Unlike the graph generated by simple, the number of edges does not change before and aftersimplify().

> ecount(simple_no_multiple_random_net)
[1] 78
> ecount(igraph::simplify(simple_no_multiple_random_net, remove.multiple = TRUE, remove.loop = TRUE))
[1] 78

vl

  • Because it is difficult, explanation is omitted.
  • It seems to be uniform sampling here
  • Official document of igraph says

    The "vl" method is a more sophisticated generator. This generator is generated unidentified, connected simple graphs, it is an error to pass the in.deg argument to it. Then some rewiring is done to make the graph connected. Finally a Monte-Carlo algorithm is used to randomize The graph. The "vl" samples from the undirected, connected simple graphs unformly. See http://www-rp.lip6.fr/~latapy/FV/generation.html for details.

Significance Test

In fact, we evaluate the clustering coefficient and the average path length by the deviation from the null model.

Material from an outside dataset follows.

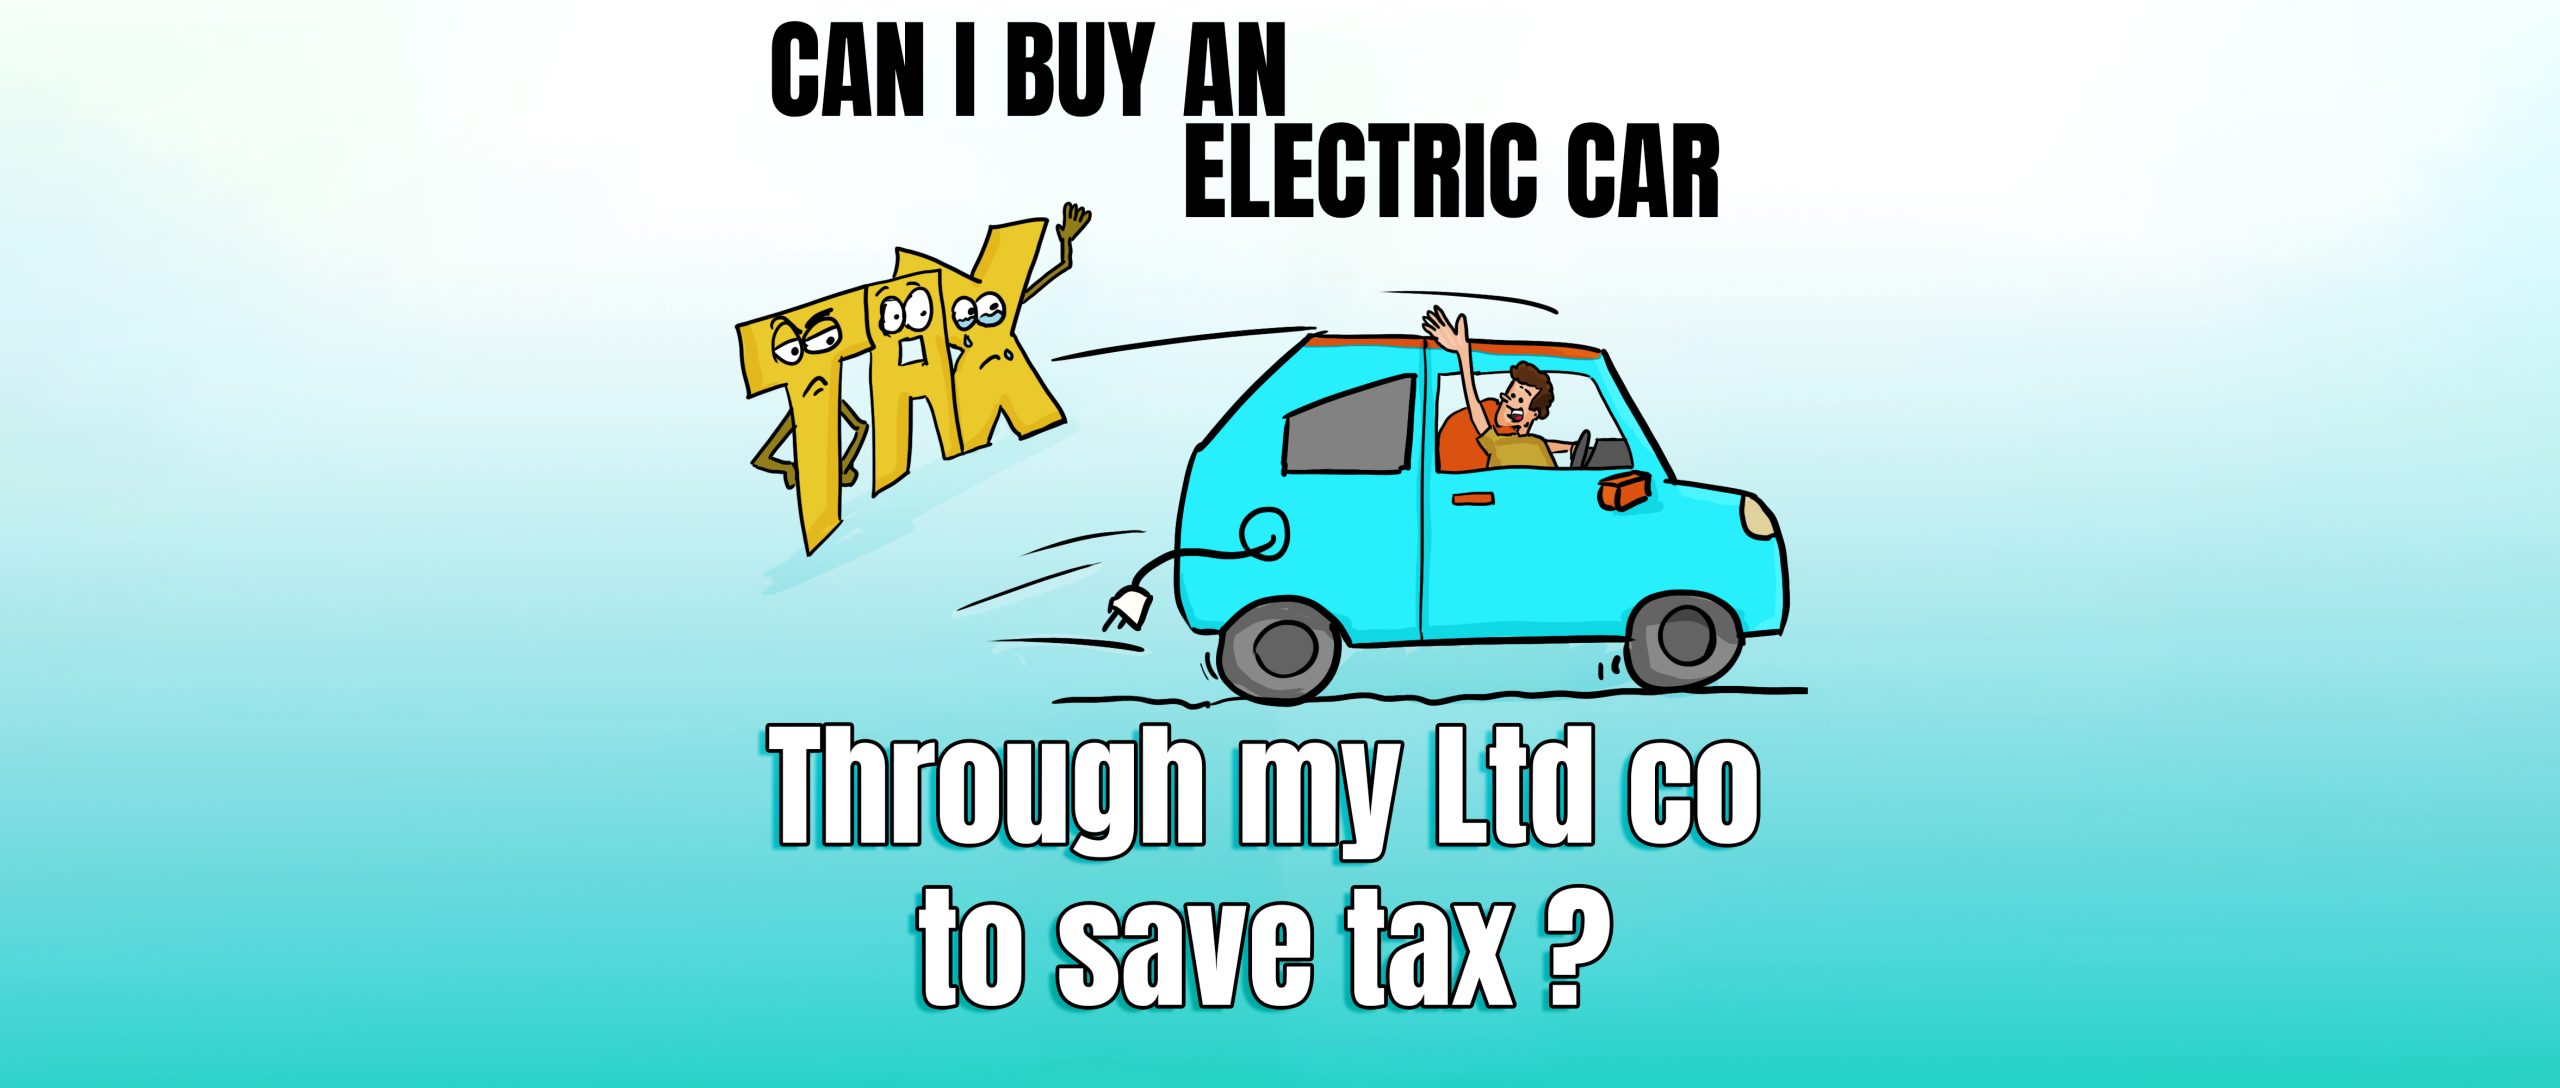 Can I buy an Electric Car through my Ltd Co & save tax

We generate 1,000 random graphs by the vl method and examine where the value of the original network are located in the distribution of values calculated from them.

sample_cc <- c()
sample_pl <- c()
for(i in 1: 1000) {
  vl_random_net <- sample_degseq(degree_dist, method = "vl")
  sample_cc <- c(sample_cc, transitivity(vl_random_net))
  sample_pl <- c(sample_pl, mean_distance(vl_random_net))
}

The distribution of each indicator is as follows.

# cc hist
g <- ggplot(data = tibble(cc = sample_cc), aes(x = cc))
g <- g + geom_histogram(binwidth =. 01)
g <- g + geom_vline(xintercept = cc_original, col = "red")
g

# pl hist
g <- ggplot(data = tibble(pl = sample_pl), aes(x = pl))
g <- g + geom_histogram(binwidth =. 01)
g <- g + geom_vline(xintercept = pl_original, col = "red")
g

f:id:meana0:20190302183611p:plain
Distribution of clustering coefficients Red line is original value)

f:id:meana0:20190302183615p:plain
Distribution of average path length(red line is original value)

We assume that these distributions follow a normal distribution(though it is distorted to the right with respect to the average path length...), calculate the mean, standard deviation, and z value, and calculate the p value.

cc_mean = mean(sample_cc)
pl_mean = mean(sample_pl)
cc_sd = sd(sample_cc)
pl_sd = sd(sample_pl)
cc_zscore <-(cc_original - cc_mean) / cc_sd
pl_zscore <-(pl_original - pl_mean) / pl_sd
> 1-pnorm(cc_zscore)
[1] 0.1035129
> 1-pnorm(pl_zscore)
[1] 0.0003767265

Compared with the distribution of indices obtained from the random graph, it can be seen that the original network is a statistically deviated value for both network statistics.

Finally

It may be better to keep the series of methods introduced here to the extent that it is used for searching what kind of point is characteristic in a certain graph.

Because according to the paper Comparing Brain Networks of Different Size and Connectivity Density Using Graph Theory which examined the comparison method between graphs with different clustering coefficients and average path length Since these indices are greatly influenced by the node size N and the average degree k, it is difficult to compare graphs of different sizes and densities by raw numerical values ​​based on the original size(this bias is N-independent or k- independent, etc.).

It seems that the null model-based metrics introduced here are more influenced by N and k, if you use it, please be careful.